Stryker Orthopaedics, Mahwah, NJ, USA.
Clin Orthop Relat Res. 2014 May;472(5):1535-44. doi: 10.1007/s11999-014-3469-1. Epub 2014 Jan 24.
Dual-mobility acetabular cups have been marketed with the purported advantages of reduced dislocation rates and improvements in ROM; however, the relative efficacies of these designs in terms of changing joint stability via ROM and dislocation distance have not been thoroughly evaluated.
QUESTIONS/PURPOSES: In custom computer simulation studies, we addressed the following questions: (1) Do variations in component geometry across dual-mobility designs (anatomic, modular, and subhemispheric) affect the posterior horizontal dislocation distances? (2) How do these compare with the measurements obtained with standard hemispheric fixed bearings? (3) What is the effect of head size on posterior horizontal dislocation distances for dual-mobility and standard hemispheric fixed bearings? (4) What are the comparative differences in prosthetic impingement-free ROM between three modern dual-mobility components (anatomic, modular, and subhemispheric), and standard hemispheric fixed bearings?
CT scans of an adult pelvis were imported into computer-aided design software to generate a dynamic three-dimensional model of the pelvis.
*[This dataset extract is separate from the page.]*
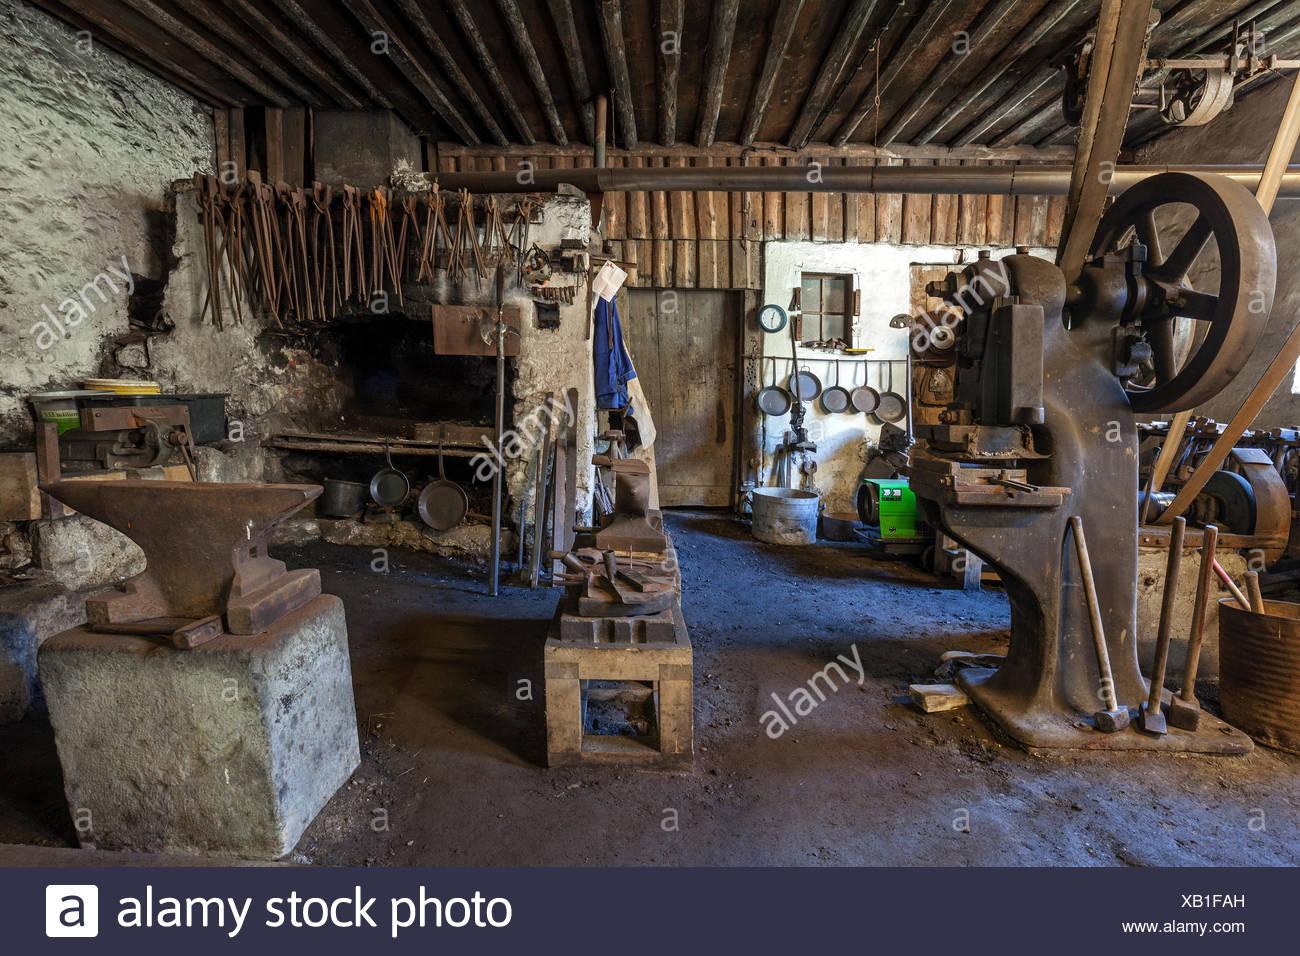 Interior, workshop, old hammer mill at the Ostrach, Obere Hammerschmiede, Bad Oberdorf in Bad Hindelang, Allgäu, Bavaria - Stock Image
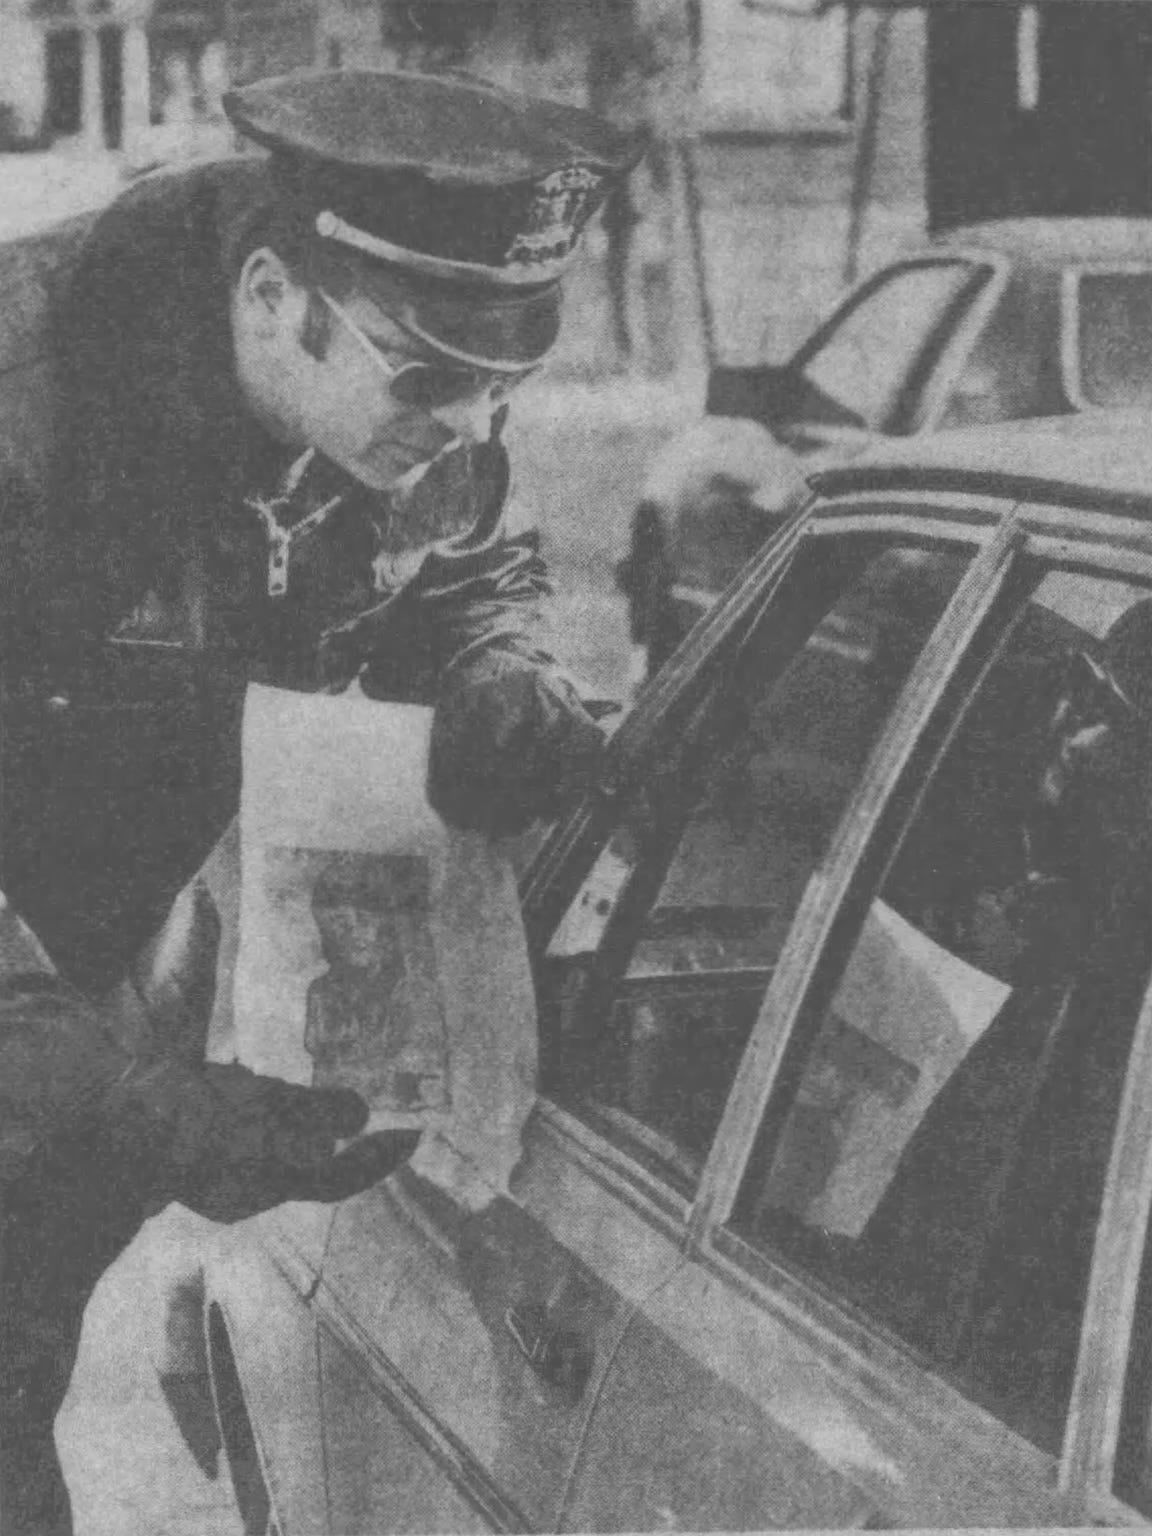 Binghamton Police Sgt. James Lewis shows Cheri Lindsey's

Using this software, computer-aided design models of three dual-mobility designs (anatomic, modular, and subhemispheric) and standard hemispheric fixed bearings were implanted in the pelvic model and the posterior horizontal dislocation distances measured. Hip ROM simulator software was used to compare the prosthetic impingement-free ROMs of dual-mobility bearings with standard hemispheric fixed-bearing designs.
Variations in component design had greater effect on posterior horizontal dislocation distance values than increases in head size in a specific design (p < 0.001). Anatomic and modular dual-mobility designs were found to have greater posterior horizontal dislocation distances than the subhemispheric dual-mobility and standard hemispheric fixed-bearing designs (p < 0.001). Increasing head sizes increased posterior horizontal dislocation distances across all designs (p < 0.001). The subhemispheric dual-mobility implant was found to have the greatest prosthetic impingement-free ROM among all prosthetic designs (p < 0.001; R(2) = 0.86).
The posterior horizontal dislocation distances differ with the individual component geometries of dual-mobility designs, with the anatomic and modular designs showing higher posterior horizontal dislocation distances compared with subhemispheric dual-mobility and standard hemispheric fixed-bearing designs.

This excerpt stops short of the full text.